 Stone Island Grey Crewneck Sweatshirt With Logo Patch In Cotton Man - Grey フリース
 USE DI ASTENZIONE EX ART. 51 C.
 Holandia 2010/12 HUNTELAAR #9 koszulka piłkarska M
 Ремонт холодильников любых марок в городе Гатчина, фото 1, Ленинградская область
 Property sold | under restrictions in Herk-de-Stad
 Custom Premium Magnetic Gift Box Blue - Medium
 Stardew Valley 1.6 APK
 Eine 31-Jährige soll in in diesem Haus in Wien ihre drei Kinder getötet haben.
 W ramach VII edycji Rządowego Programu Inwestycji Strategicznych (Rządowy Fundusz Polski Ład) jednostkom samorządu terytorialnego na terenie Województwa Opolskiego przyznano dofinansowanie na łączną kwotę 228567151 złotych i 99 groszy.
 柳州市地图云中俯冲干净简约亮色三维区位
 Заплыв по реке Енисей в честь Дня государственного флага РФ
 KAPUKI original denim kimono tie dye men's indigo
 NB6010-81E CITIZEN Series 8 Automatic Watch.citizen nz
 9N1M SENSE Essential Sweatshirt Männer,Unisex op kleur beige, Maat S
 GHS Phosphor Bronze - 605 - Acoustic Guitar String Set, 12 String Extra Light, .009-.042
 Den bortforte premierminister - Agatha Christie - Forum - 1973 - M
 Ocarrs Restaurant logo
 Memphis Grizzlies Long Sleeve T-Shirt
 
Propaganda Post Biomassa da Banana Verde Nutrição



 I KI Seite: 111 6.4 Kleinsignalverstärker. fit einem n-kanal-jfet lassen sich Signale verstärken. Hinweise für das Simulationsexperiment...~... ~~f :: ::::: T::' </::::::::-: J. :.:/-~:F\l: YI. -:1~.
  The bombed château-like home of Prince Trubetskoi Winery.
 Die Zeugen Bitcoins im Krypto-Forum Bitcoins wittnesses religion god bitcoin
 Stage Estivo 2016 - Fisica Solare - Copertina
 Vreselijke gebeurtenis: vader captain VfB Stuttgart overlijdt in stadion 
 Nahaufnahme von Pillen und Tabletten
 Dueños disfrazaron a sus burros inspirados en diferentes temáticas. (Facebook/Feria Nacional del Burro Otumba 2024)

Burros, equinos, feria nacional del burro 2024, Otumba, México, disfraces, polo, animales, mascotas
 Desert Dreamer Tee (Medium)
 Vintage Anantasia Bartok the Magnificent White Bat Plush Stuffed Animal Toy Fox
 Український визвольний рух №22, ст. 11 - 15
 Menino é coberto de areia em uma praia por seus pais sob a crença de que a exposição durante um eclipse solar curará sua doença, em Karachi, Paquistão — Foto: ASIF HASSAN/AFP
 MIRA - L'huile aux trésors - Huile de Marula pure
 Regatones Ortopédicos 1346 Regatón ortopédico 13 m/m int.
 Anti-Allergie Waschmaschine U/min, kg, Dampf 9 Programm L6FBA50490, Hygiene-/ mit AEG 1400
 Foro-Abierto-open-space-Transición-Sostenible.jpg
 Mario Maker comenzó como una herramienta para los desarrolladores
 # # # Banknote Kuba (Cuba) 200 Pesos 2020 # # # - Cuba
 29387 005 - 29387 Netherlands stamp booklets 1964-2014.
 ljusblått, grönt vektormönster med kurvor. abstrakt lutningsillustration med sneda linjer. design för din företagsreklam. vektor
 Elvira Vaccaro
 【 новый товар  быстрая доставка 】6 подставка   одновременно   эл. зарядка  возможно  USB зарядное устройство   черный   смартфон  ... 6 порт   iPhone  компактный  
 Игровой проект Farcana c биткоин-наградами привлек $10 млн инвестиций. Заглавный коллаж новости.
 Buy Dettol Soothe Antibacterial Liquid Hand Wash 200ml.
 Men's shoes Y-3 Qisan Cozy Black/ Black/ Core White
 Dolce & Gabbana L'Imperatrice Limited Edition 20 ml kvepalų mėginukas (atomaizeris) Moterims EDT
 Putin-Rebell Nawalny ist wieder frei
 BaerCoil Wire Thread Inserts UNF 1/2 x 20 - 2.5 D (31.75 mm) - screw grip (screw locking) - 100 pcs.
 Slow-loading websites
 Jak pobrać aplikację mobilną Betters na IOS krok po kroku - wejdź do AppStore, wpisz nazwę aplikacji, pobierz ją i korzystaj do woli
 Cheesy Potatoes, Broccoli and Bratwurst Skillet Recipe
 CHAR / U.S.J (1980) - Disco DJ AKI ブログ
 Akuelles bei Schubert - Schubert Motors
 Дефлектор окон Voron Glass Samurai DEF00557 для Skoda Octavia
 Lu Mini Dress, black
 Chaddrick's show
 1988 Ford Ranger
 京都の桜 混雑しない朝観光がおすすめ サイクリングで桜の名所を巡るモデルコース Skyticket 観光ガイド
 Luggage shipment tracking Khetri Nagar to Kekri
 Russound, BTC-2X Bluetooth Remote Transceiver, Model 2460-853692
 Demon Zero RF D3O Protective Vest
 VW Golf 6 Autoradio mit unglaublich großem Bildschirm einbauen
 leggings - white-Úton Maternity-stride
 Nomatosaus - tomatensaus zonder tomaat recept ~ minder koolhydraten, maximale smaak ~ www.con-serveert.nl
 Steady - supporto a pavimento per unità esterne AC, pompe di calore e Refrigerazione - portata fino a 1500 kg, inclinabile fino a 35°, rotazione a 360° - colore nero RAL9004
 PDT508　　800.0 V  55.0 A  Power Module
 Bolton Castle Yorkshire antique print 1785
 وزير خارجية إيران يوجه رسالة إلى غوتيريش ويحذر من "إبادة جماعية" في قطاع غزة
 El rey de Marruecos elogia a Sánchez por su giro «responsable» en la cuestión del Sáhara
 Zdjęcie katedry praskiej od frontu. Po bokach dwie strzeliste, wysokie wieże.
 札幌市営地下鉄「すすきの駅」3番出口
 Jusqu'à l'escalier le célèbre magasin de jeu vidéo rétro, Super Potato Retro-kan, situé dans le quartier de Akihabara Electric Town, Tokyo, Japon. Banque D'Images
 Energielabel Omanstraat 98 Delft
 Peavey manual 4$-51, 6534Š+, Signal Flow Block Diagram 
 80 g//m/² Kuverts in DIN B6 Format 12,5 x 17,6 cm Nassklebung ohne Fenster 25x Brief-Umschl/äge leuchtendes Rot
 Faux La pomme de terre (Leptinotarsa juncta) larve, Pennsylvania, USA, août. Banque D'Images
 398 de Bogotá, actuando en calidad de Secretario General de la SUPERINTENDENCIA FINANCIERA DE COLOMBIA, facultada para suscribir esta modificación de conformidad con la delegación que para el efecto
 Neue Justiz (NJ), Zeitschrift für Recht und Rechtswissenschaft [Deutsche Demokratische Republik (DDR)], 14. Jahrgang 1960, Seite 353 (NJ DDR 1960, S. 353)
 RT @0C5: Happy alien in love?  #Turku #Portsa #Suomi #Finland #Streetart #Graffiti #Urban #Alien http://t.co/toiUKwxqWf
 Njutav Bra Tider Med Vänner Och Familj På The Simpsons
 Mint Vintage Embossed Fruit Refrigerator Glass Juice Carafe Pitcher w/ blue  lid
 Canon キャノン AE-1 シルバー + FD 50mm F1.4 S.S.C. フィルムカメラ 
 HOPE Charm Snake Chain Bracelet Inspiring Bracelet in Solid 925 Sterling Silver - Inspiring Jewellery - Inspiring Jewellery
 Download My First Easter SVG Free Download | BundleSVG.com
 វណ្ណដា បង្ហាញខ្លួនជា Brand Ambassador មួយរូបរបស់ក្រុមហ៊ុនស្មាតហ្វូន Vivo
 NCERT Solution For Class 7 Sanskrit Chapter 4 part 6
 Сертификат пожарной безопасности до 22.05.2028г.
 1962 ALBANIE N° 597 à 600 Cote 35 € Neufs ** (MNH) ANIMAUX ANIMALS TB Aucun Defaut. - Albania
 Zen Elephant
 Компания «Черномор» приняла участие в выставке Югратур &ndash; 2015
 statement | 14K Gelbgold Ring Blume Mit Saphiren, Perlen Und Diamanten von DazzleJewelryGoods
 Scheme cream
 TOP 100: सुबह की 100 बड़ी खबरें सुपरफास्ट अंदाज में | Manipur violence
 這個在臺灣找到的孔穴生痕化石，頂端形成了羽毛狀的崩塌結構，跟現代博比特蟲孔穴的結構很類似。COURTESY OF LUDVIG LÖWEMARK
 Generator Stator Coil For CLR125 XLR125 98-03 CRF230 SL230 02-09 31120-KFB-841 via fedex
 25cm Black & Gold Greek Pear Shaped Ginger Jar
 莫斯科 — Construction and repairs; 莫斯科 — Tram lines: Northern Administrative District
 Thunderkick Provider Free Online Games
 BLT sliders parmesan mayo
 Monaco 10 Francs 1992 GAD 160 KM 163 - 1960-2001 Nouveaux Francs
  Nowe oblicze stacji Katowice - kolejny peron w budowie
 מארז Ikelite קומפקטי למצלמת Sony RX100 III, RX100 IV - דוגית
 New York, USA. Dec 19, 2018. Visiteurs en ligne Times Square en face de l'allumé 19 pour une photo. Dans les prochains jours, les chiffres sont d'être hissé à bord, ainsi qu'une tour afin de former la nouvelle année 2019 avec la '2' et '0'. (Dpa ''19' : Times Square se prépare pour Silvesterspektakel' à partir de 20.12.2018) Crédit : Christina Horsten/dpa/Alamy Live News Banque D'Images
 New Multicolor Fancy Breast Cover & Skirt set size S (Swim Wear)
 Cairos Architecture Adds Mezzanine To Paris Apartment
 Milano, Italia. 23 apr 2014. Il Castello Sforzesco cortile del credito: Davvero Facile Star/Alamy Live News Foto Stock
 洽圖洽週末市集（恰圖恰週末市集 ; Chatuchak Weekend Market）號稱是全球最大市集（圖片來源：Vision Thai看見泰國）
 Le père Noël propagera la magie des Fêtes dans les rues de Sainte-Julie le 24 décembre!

* WHAT YOU SHOULD DO: Number of lines above that include "Live": state it and nothing else.

* RESULT: 2